The agreement between method step estimates and criterion steps is shown in Figure 2 and online supplementary Figure 2. The ADAMO and Ducharme methods yielded the lowest MAPE across all structured walking activities. In contrast, Verisense underestimated at least half of criterion steps during all structured activities. The ADAMO, Ducharme, and Kang methods all significantly overestimated steps during slow walking (0.6 m/s) and underestimated steps during fast walking (1.4 m/s) in both the treadmill and overground settings. For walking at medium speed (1.0 m/s), these methods significantly underestimated steps during treadmill walking, but they yielded unbiased estimates during overground walking. Steps during balanced and casual walking were unbiased using ADAMO and Ducharme methods, while the Kang and Verisense methods significantly underestimated steps. All methods significantly underestimated steps during the 6-min walk test. During the free-living period, all methods provided biased estimates of steps compared to StepWatch-estimated steps. Relative to StepWatch, steps were significantly overestimated using the ADAMO (mean [95% CI]: 1,054% [829.6%, 1,277.9%]), Ducharme (128% [91.0%, 165.7%]), and Kang methods (28% [11.4%, 43.9%]), while the Verisense method underestimated steps (−34% [−52.1%, −15.1%]).
Fig. 2.
Step-count method percent error (a) and absolute percent error (b) during structured activities and the free-living assessment. Points indicate mean values. Error bars indicate 95% confidence intervals [CIs].

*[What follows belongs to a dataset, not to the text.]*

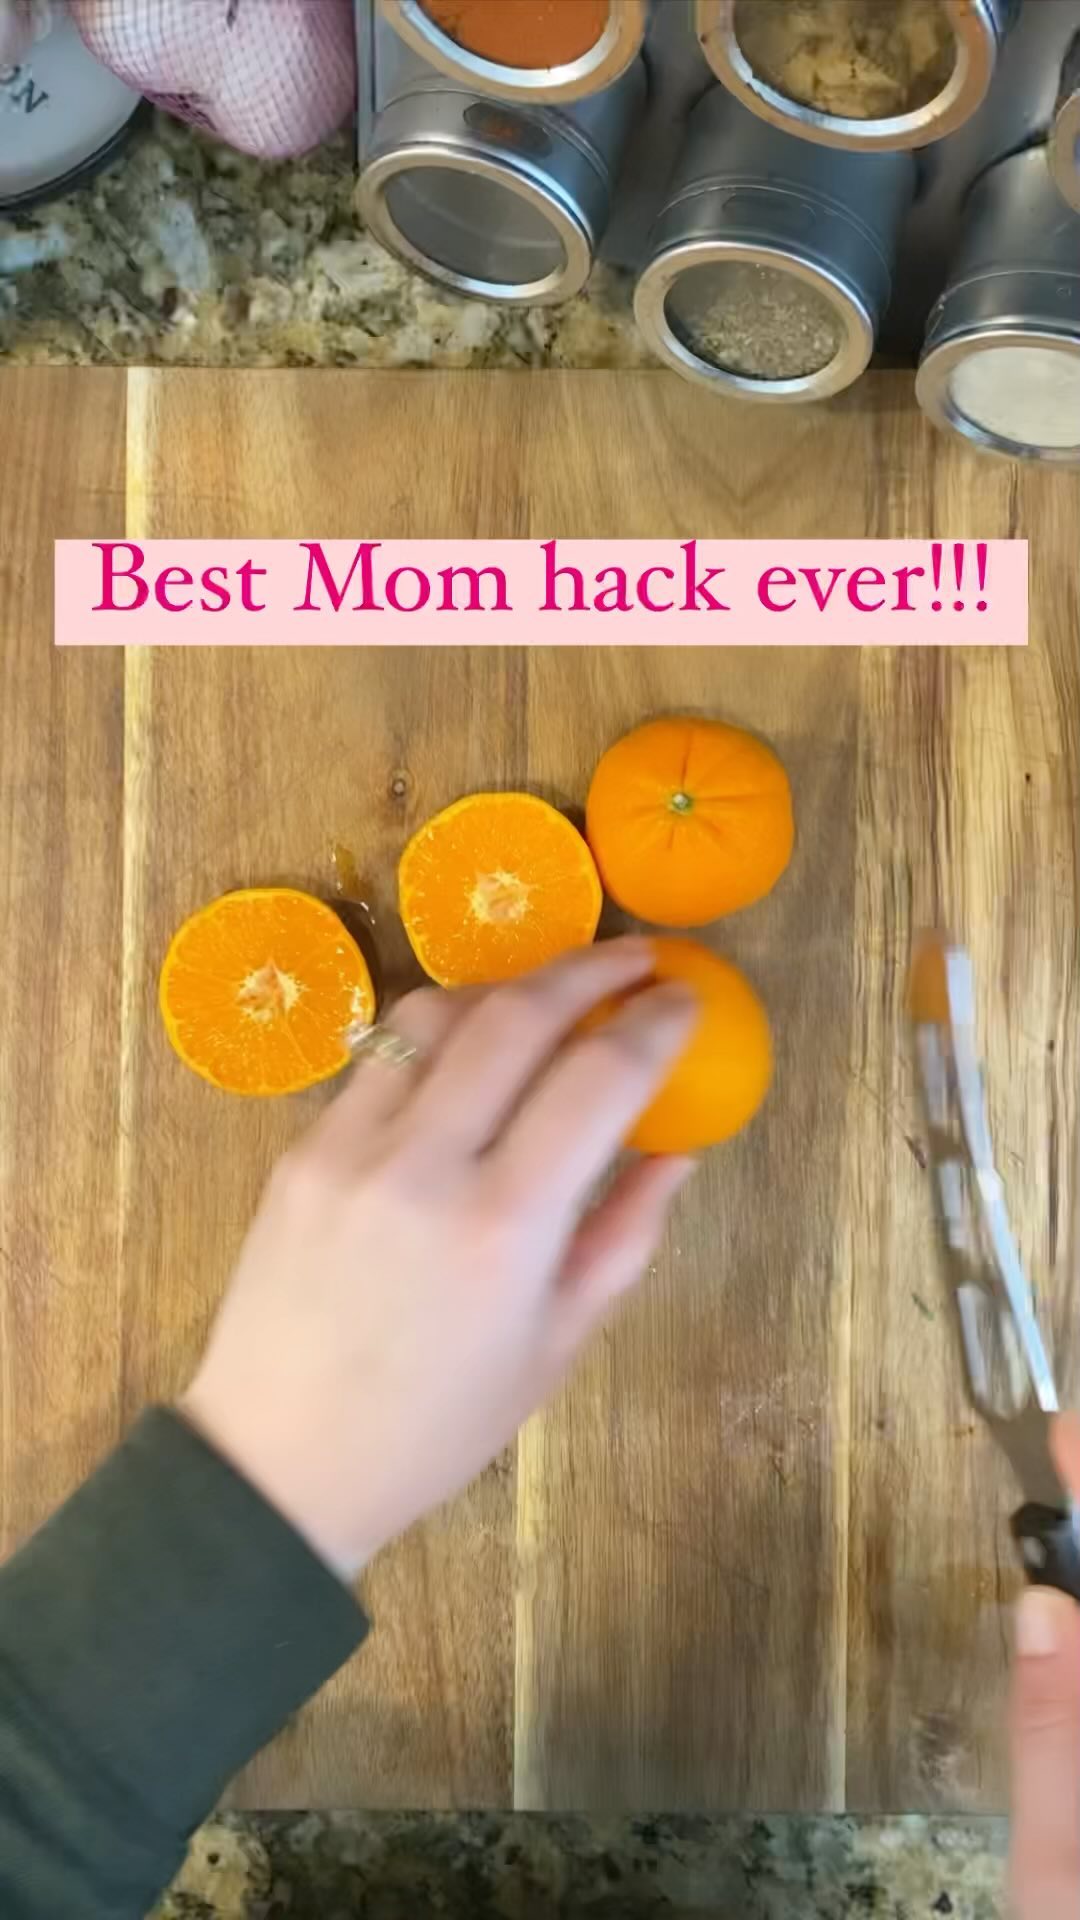 Check out this mom hack that can save you a few minutes!! #lookingoutforyou #cuties #oranges #toddlerlife #toddlermom #toddlersnacks #fruit #simplysellskitchen #food #timesaver #treatyoself #foodhack #mothersday #mother #food #motherhood #kidsnacks #afterschoolsnack #easyhack #momhacks #parenting #momlife #foodbloggers #instahacks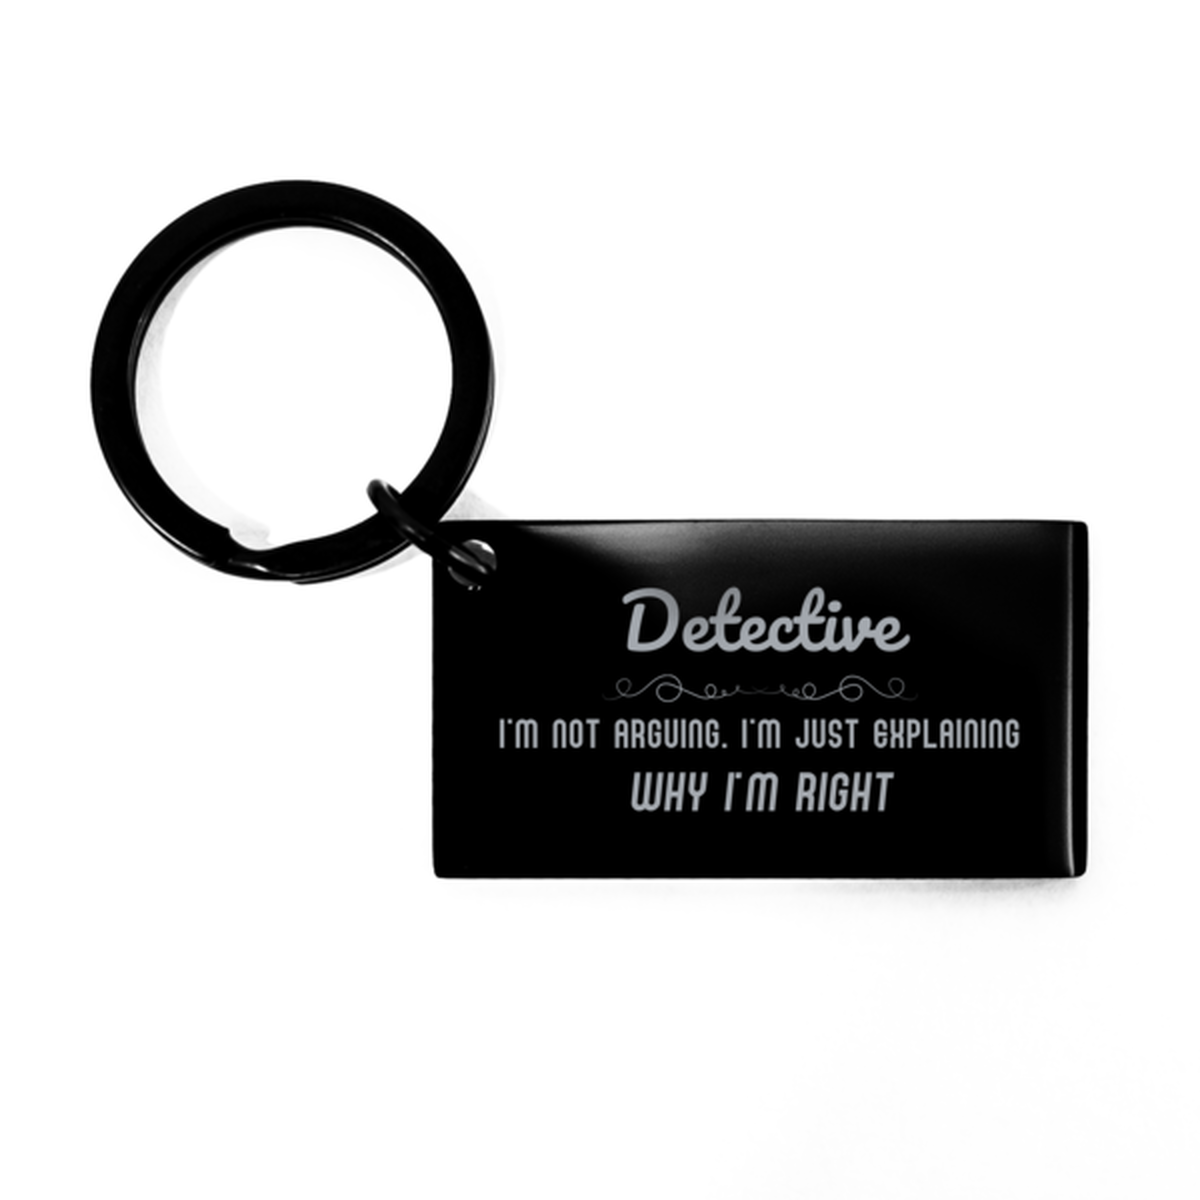 Detective I'm not Arguing. I'm Just Explaining Why I'm RIGHT Keychain, Funny Saying Quote Detective Gifts For Detective Graduation Birthday Christmas Gifts for Men Women Coworker

Associations between StepWatch-derived and method-estimated B6ME during the free-living assessment are illustrated in Figure 3. Of the different step-count methods, B6ME derived with the Kang method demonstrated the strongest positive association with StepWatch-derived B6ME (rho [95% CI]: 0.554 [0.147, 0.8], p = 0.011). B6ME derived from the Ducharme method also has a positive correlation. There was no significant association between Verisense- and StepWatch-derived B6ME (rho: 0.371 [−0.086, 0.699], p = 0.107). StepWatch-derived B6ME was significantly negatively correlated with ADAMO-derived B6ME.
Fig. 3.
Associations between method estimated- and StepWatch measured-B6ME steps during the free-living assessment. Solid lines reflect the linear fit. Dashed lines are lines of identity.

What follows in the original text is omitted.